Меня за эти три месяца, что мы пробыли в Сталинграде, повышали по службе шесть раз. Я удачливый солдат – так говорили многие наши офицеры. Меня очень уважают боевые товарищи, называют Железный Вилли. Может, потому что наш генерал вручил мне Железный Крест. За храбрость. Его я посылаю с письмом. Если что со мной случится, ты всегда будешь знать, и детям расскажешь, что твой муж и их отец был настоящим мужчиной, стойким солдатом, верным фюреру и фатерлянду.
Последние четыре дня наше сводное подразделение пыталось пробиться на запад. Русские замкнули кольцо окружения вокруг этого гиблого места, где смерть собрала такую жатву, что у меня не хватает воображения, с чем это сравнить… Потери были такие большие, что под моё начало собрали уцелевших солдат и офицеров с самых разных воинских частей. У меня были не только мои связисты, но и танкисты, егеря, обслуга аэродрома, про пехоту вообще молчу. Было несколько офицеров старше меня по званию, но почему-то никто из них не пожелал принять командование. Так что твой Железный Вилли имел честь командовать полковниками. Хотя сам лишь обер-лойтнант.

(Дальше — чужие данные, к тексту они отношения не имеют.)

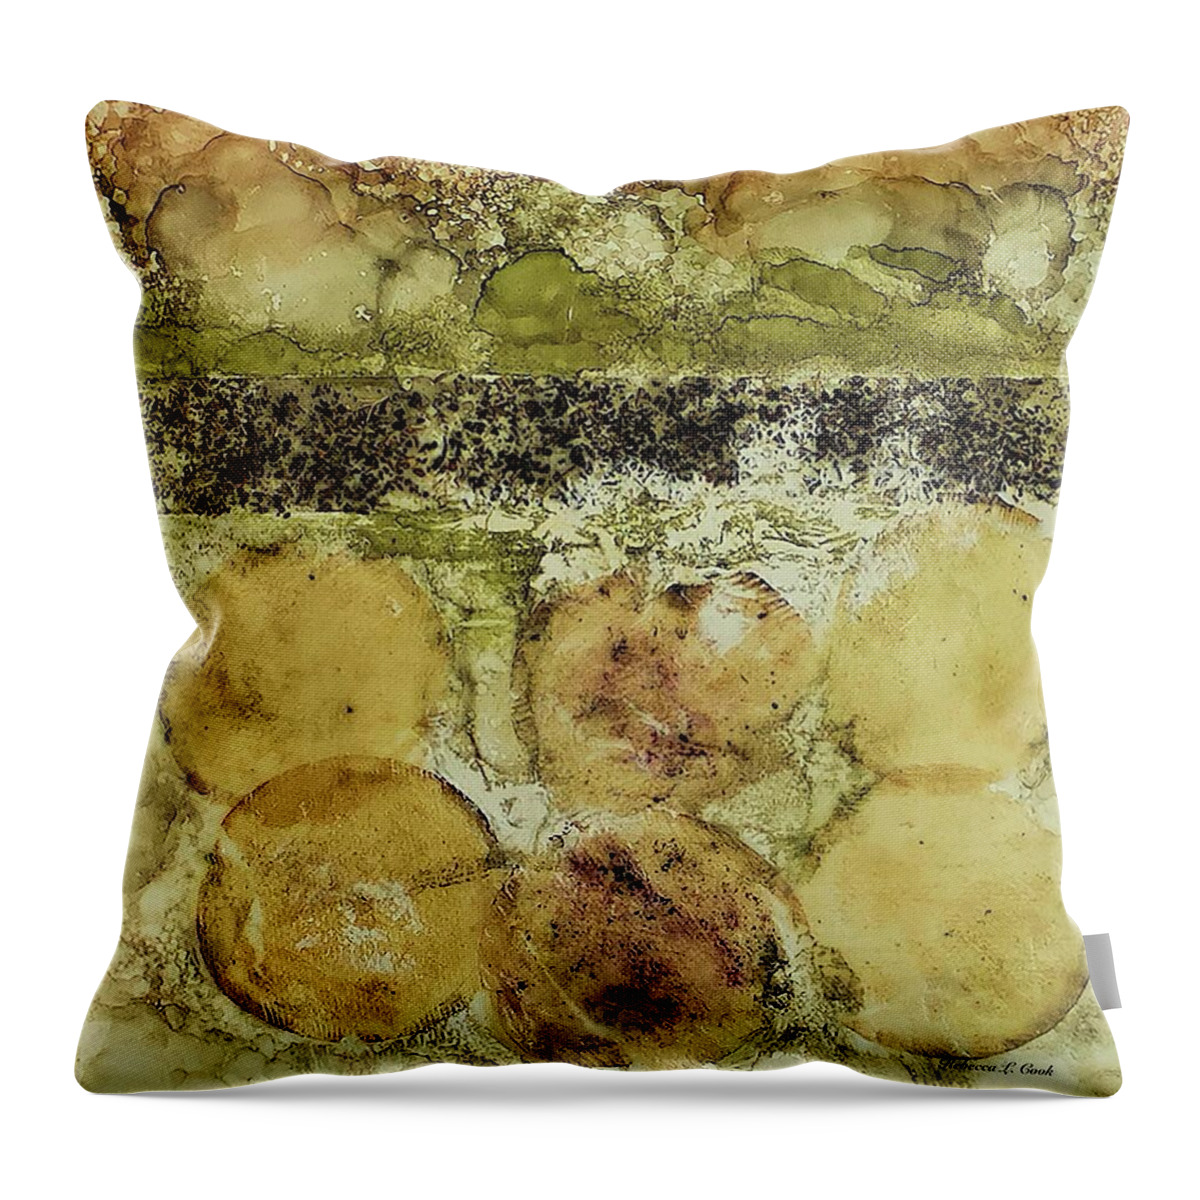 Breezes Blow Throw Pillow featuring the painting Breezes Blow by Bellesouth Studio
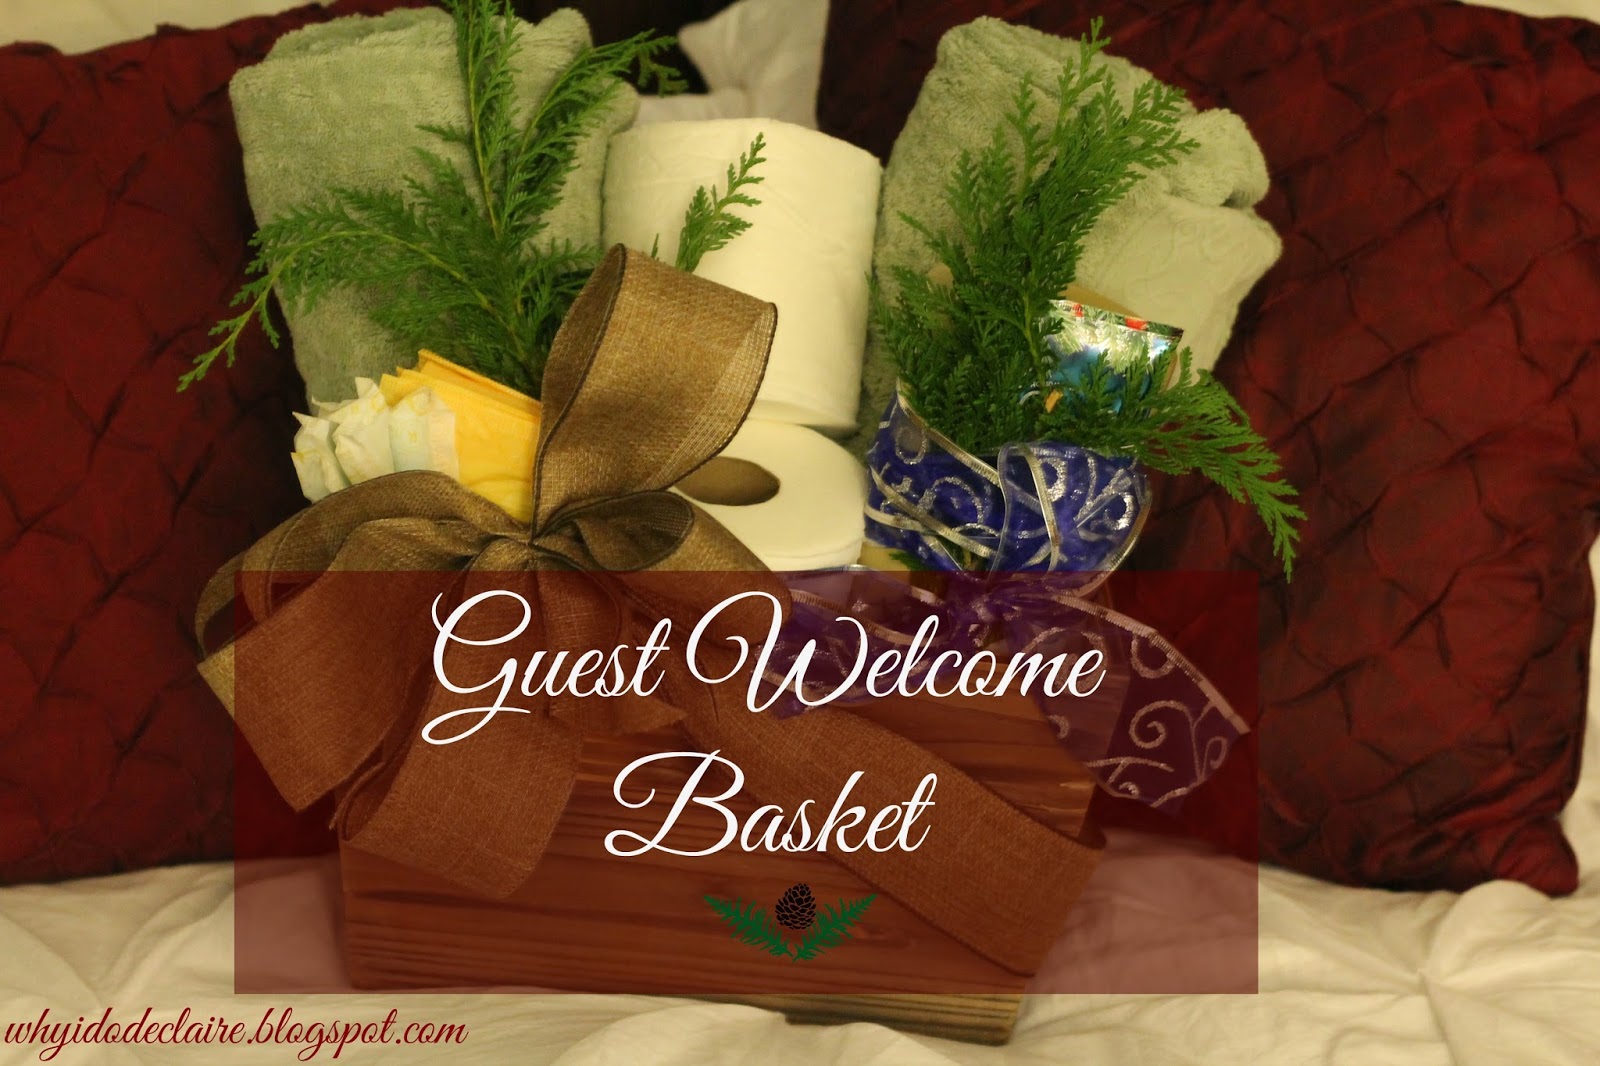 How to Make Your Guests Feel at Home During the Holidays

Неделю я ничего не получал из штаба армии – ни приказов, ни устных распоряжений. Девять попыток наладить связь провалились – уходившие солдаты пропадали без следа. Кончилось всё тем, что я больше не мог отдавать подобные приказы. Невозможно смотреть в глаза человека, который согревал тебя теплом своего тела, спасал от стужи и снега, и затем посылать его неизвестно куда. На верную смерть.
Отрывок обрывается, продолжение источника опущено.